- From: Norm Tovey-Walsh <norm@saxonica.com>
- Date: Tue, 13 Jan 2026 18:12:34 +0000
- To: public-xslt-40@w3.org
Hello folks,
After a brief battle with GitHub infrastructure, we have draft minutes:
https://qt4cg.org/meeting/minutes/2026/01-13.html
QT4 CG Meeting 148 Minutes 2026-01-13
[1]Meeting index / [2]QT4CG.org / [3]Dashboard / [4]GH Issues / [5]GH
Pull Requests
Table of Contents
* [6]Draft Minutes
* [7]Summary of new and continuing actions [0/5]
* [8]1. Administrivia
+ [9]1.1. Roll call [12/14]
+ [10]1.2. Accept the agenda
+ [11]1.3. Approve minutes of the previous meeting
+ [12]1.4. Next meeting
+ [13]1.5. Review of open action items [2/5]
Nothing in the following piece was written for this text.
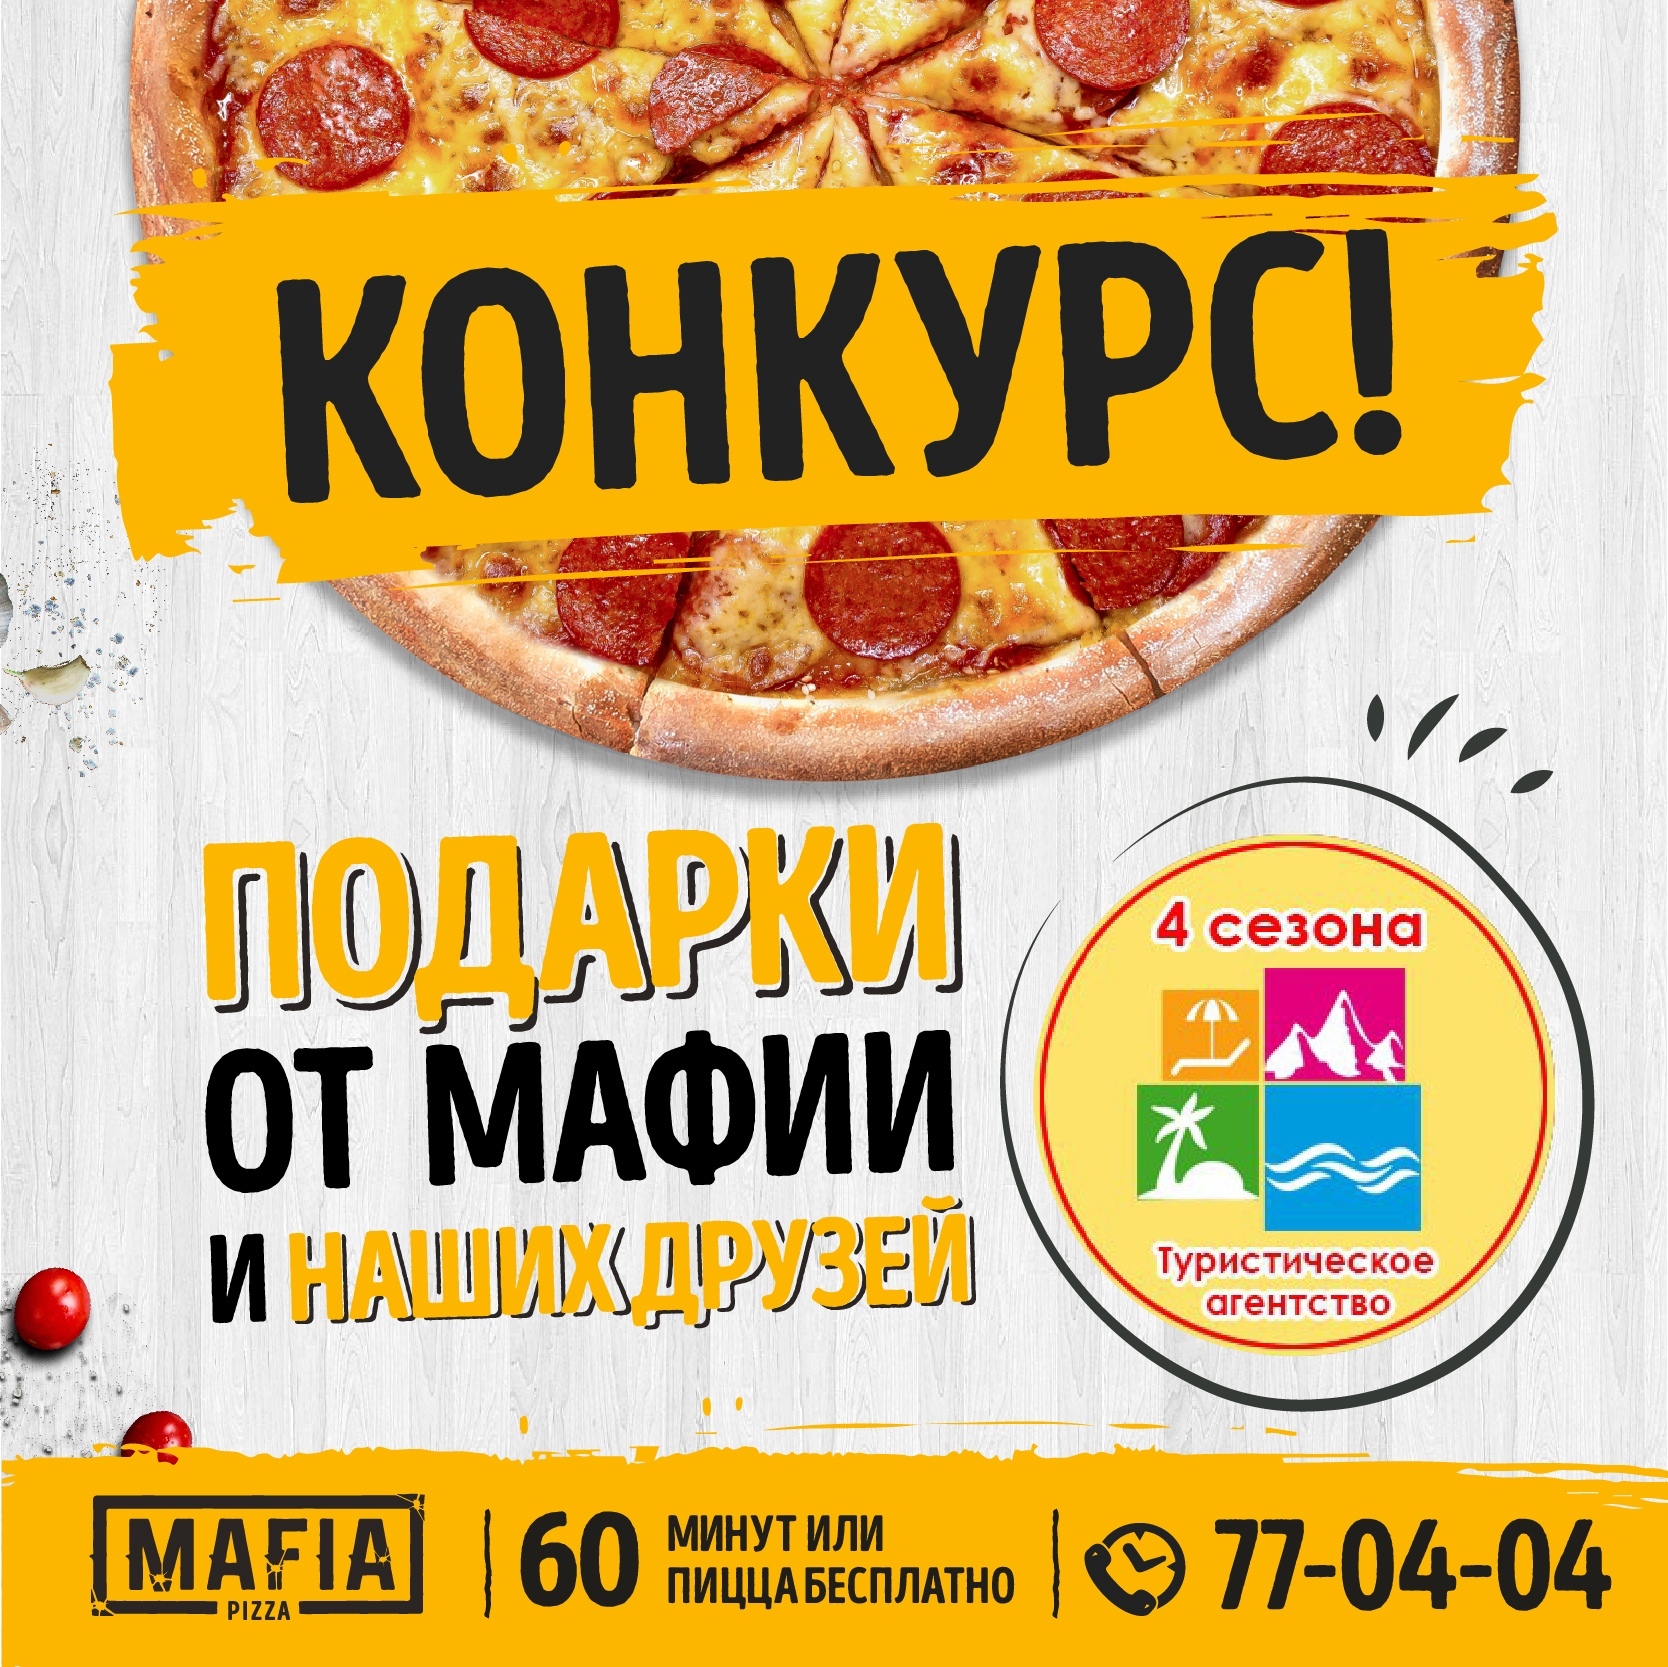 Mafia pizza Курск

+ [14]1.6. Review of open pull requests and issues
o [15]1.6.1. Blocked
o [16]1.6.2. Merge without discussion
o [17]1.6.3. Close without action
* [18]2. Technical agenda
+ [19]2.1. PR #2350: 708 An alternative proposal for generators
+ [20]2.2. Issue #2351: Current Drafts: ...
+ [21]2.3. PR #2313: 2298 XQFO rules: definition of default
values
* [22]3. Any other business
Draft Minutes
Summary of new and continuing actions [0/5]
* [ ] QT4CG-143-02: MK to try to recover the ability to extract
formal equivalences into tests
* [ ] QT4CG-143-03: JK to look for C14N test suites.
* [ ] QT4CG-144-01: MK to consider if any now lost value comparisons
should be added as examples.
* [ ] QT4CG-148-01: NW to draft a PR that marks #2351 items as "at
risk" with appropriate definitions at the top of the document
* [ ] QT4CG-148-02: NW to publish a dated drafter after QT4CG-148-01
is complete.
* [ ] QT4CG-148-03: NW to revise his attempt at #2313 by using the
text "node" and a link to the appropriate text
1. Administrivia
1.1. Roll call [12/14]
Regrets: EP.
* [X] David J Birnbaum (DB)
* [X] Reece Dunn (RD)
* [ ] Sasha Frisov (SF)
* [X] Christian Gr¸n (CG)
* [X] Joel Kalvesmaki (JK)
* [X] Michael Kay (MK)
* [X] Juri Leino (JLO)
* [X] John Lumley (JWL)
* [X] Dimitre Novatchev
* [X] Alan Painter (AP
* [X] Wendell Piez (WP)
* [ ] Ruvim Pinka (RP)
* [X] Liam Quin (LQ)
* [X] Norm Tovey-Walsh (NW) Scribe. Chair.
1.2. Accept the agenda
Proposal: Accept [23]the agenda.
Accepted.
1.3. Approve minutes of the previous meeting
Proposal: Accept [24]the minutes of the previous meeting.
Accepted.
1.4. Next meeting
The next meeting is planned for 20 January 2026.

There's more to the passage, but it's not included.